Activity:
Down to the last line, set down the listing below exactly, apart from its pictures.

Information provided:
━━━━━━

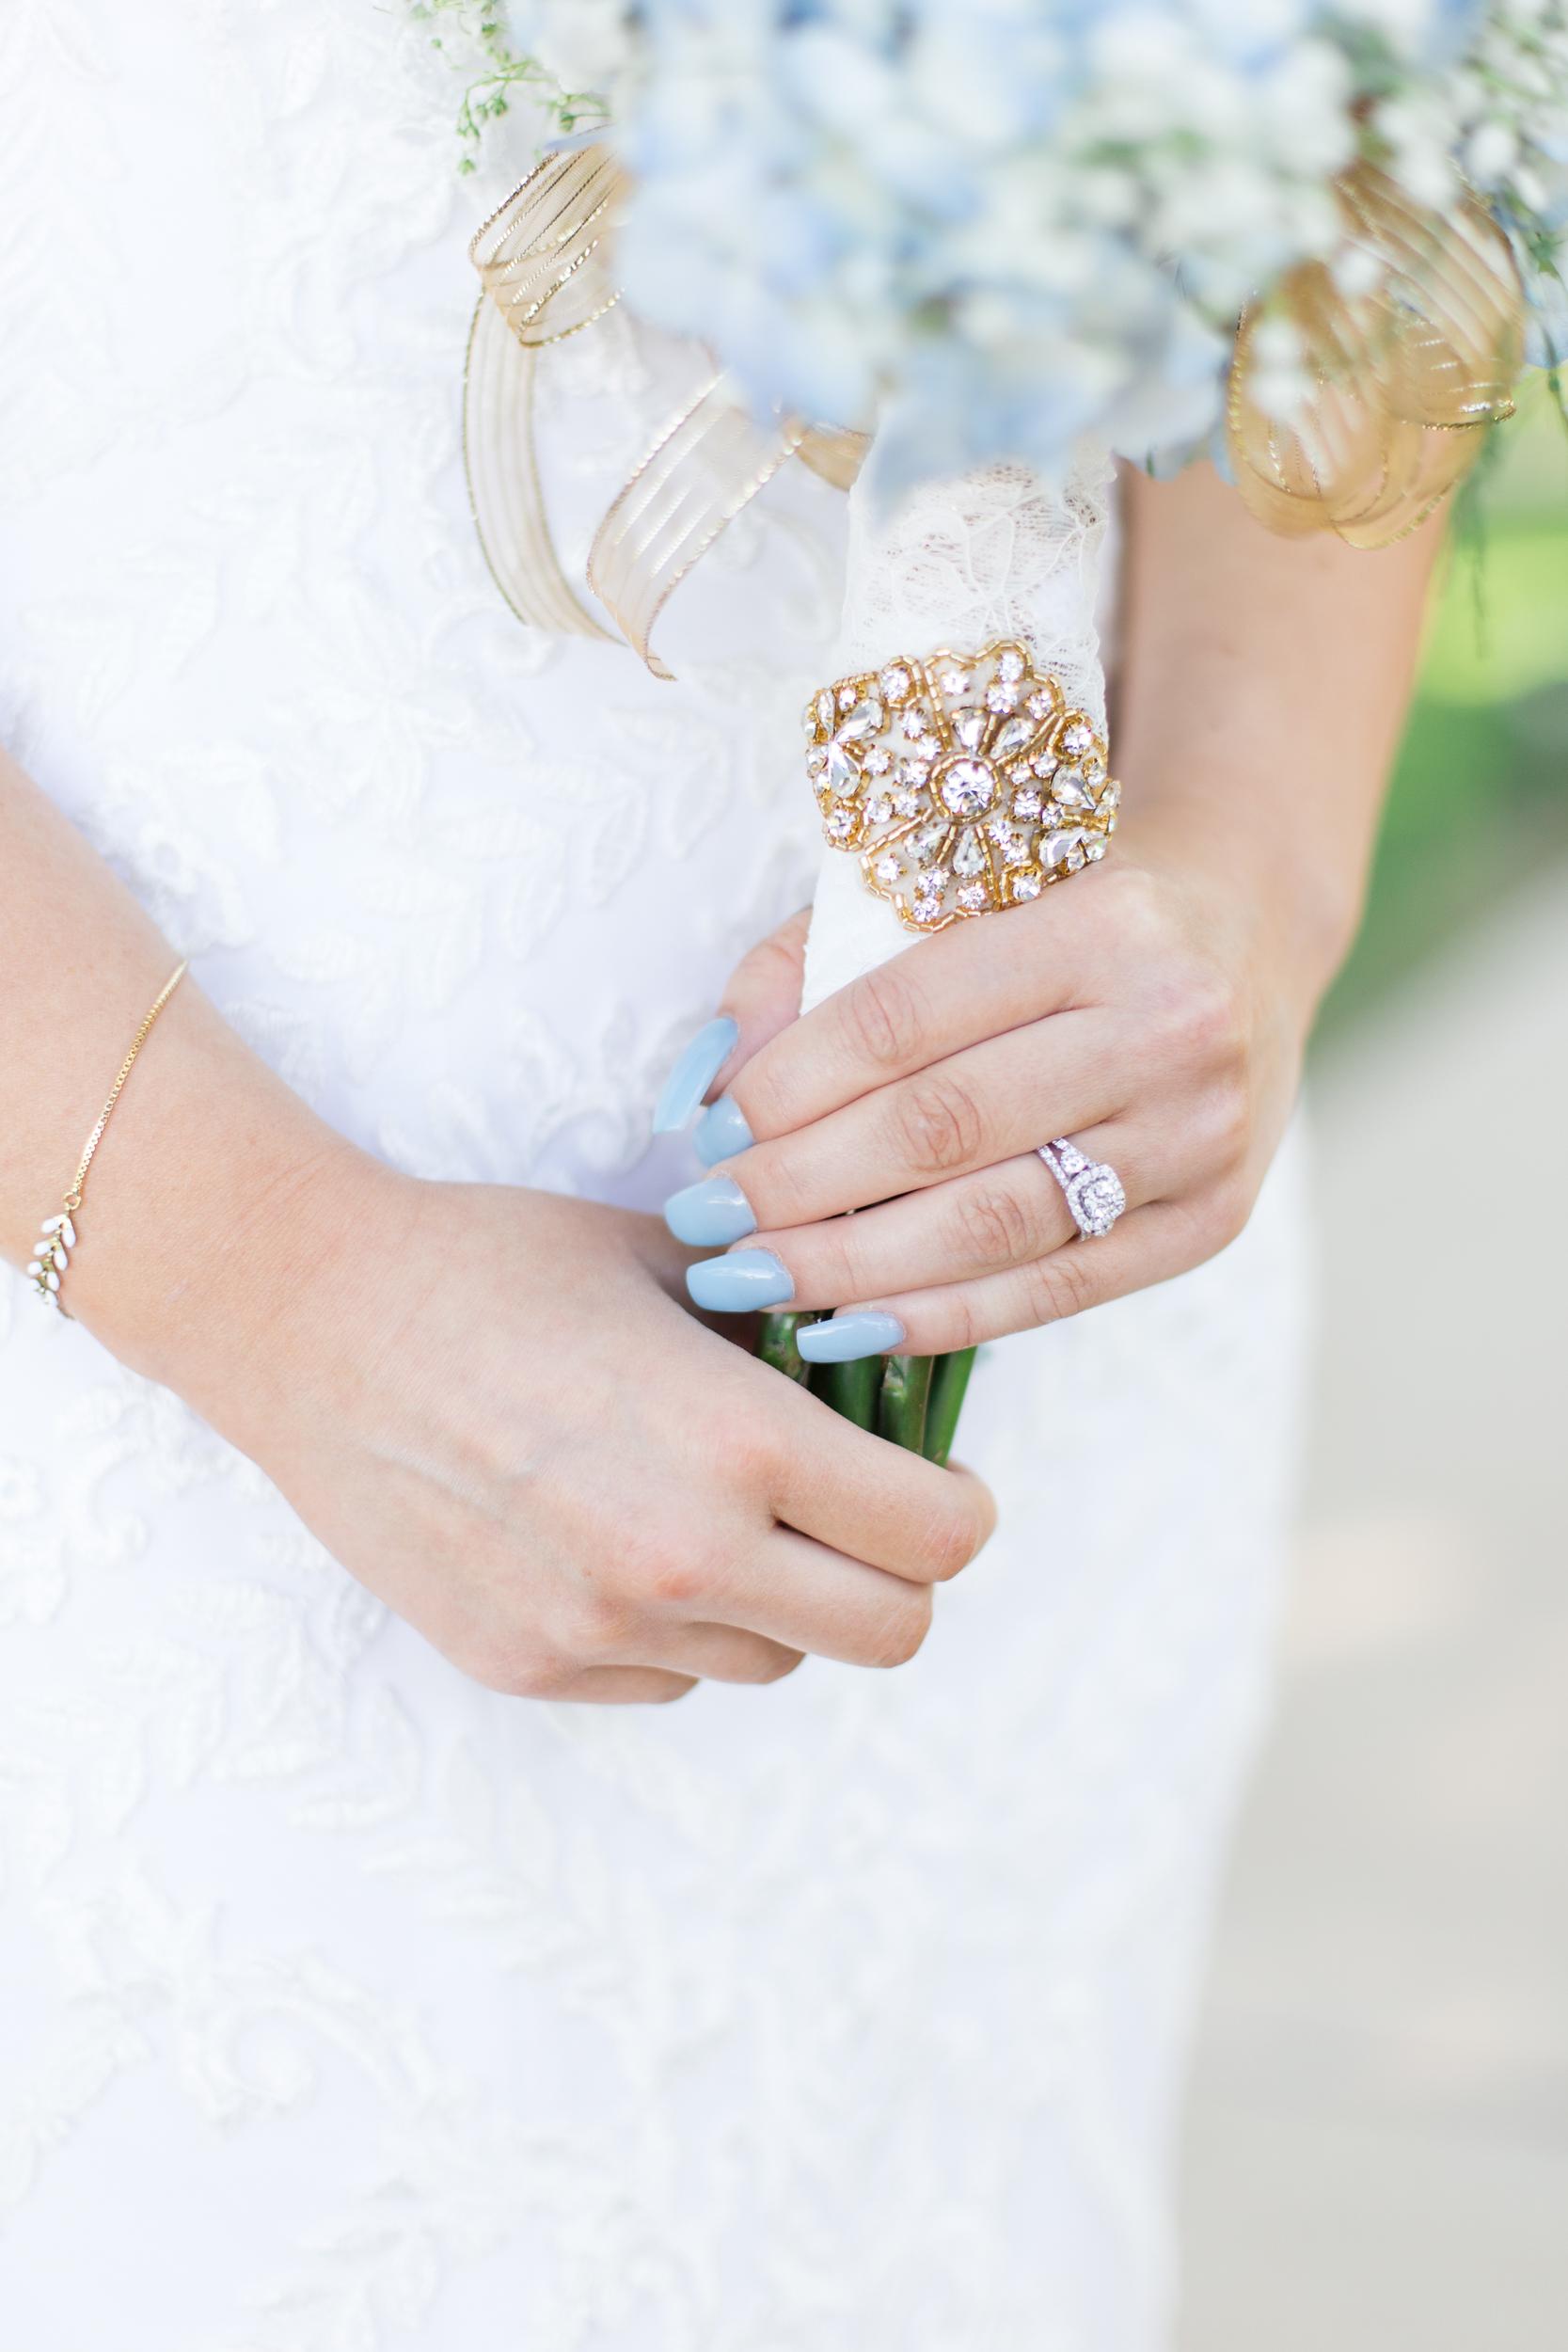 Zihlman-East TX Wedding_Kelsie Hendricks Photography_The Folmar Tyler Texas-76.jpg
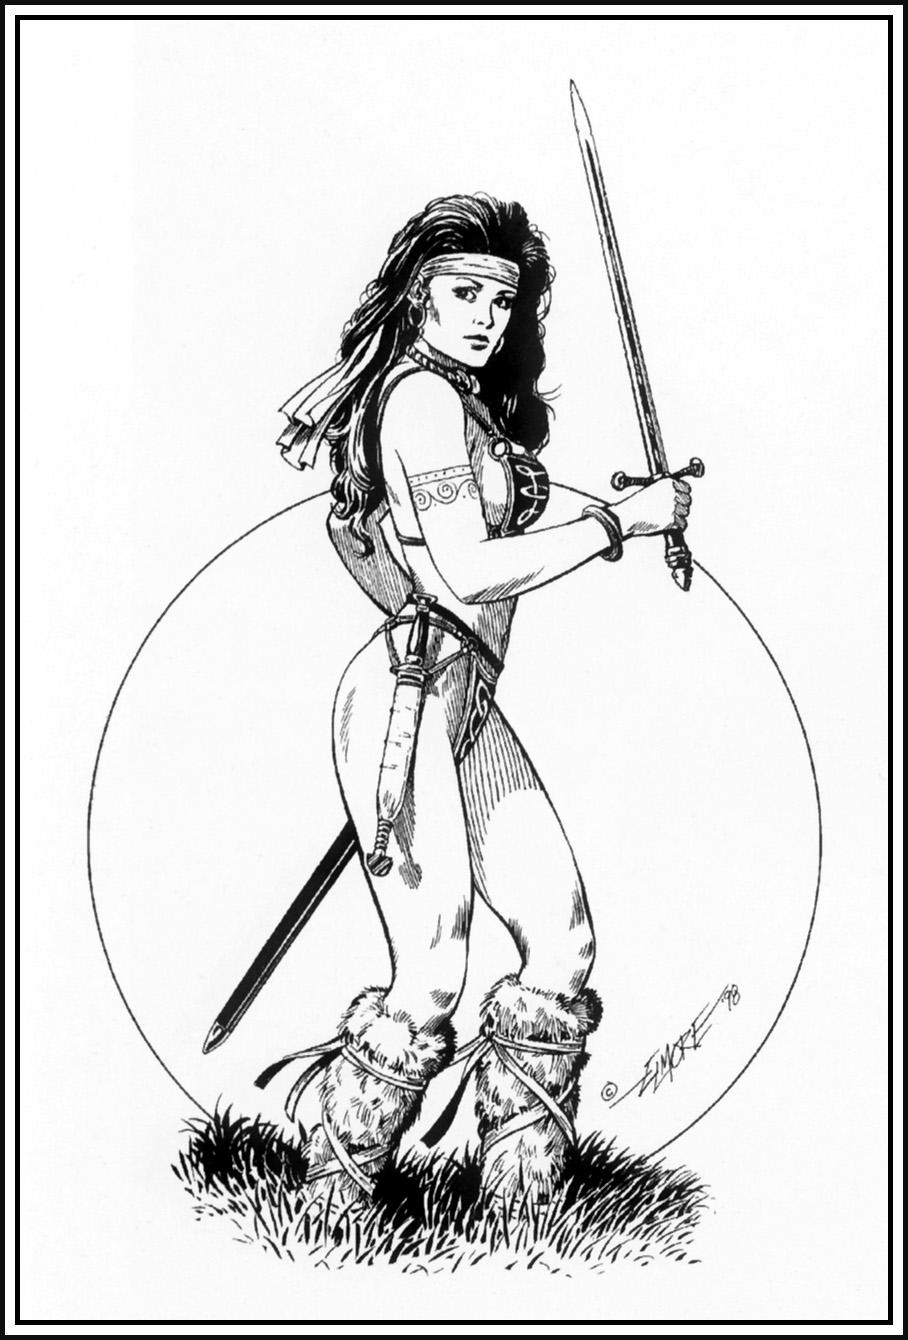 908x1340 Larry Elmore Illustrations De Larry Elmore Fantasy
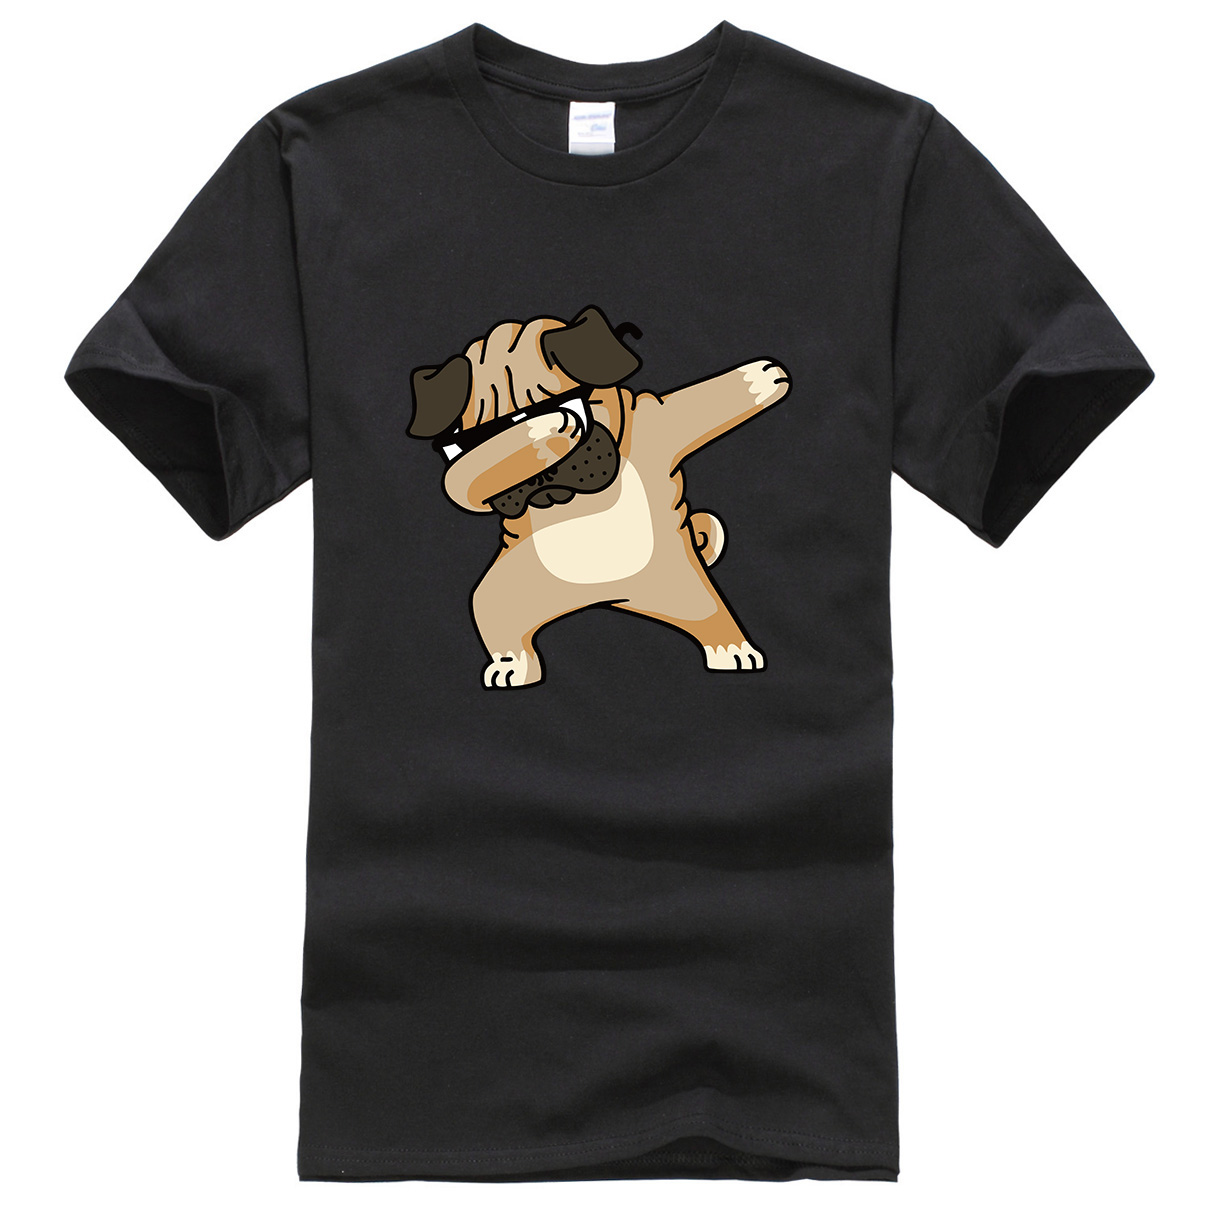 DABBING PUG Fashion Top New 2019 Summer T-shirt Cartoon Animal DOG T Shirt Men Funny Hip Hop Tops Shirts Harajuku Men's T-shirts

━━━━━━

Written solution:
 Zihlman-East TX Wedding_Kelsie Hendricks Photography_The Folmar Tyler Texas-76.jpg
 908x1340 Larry Elmore Illustrations De Larry Elmore Fantasy
 DABBING PUG Fashion Top New 2019 Summer T-shirt Cartoon Animal DOG T Shirt Men Funny Hip Hop Tops Shirts Harajuku Men's T-shirts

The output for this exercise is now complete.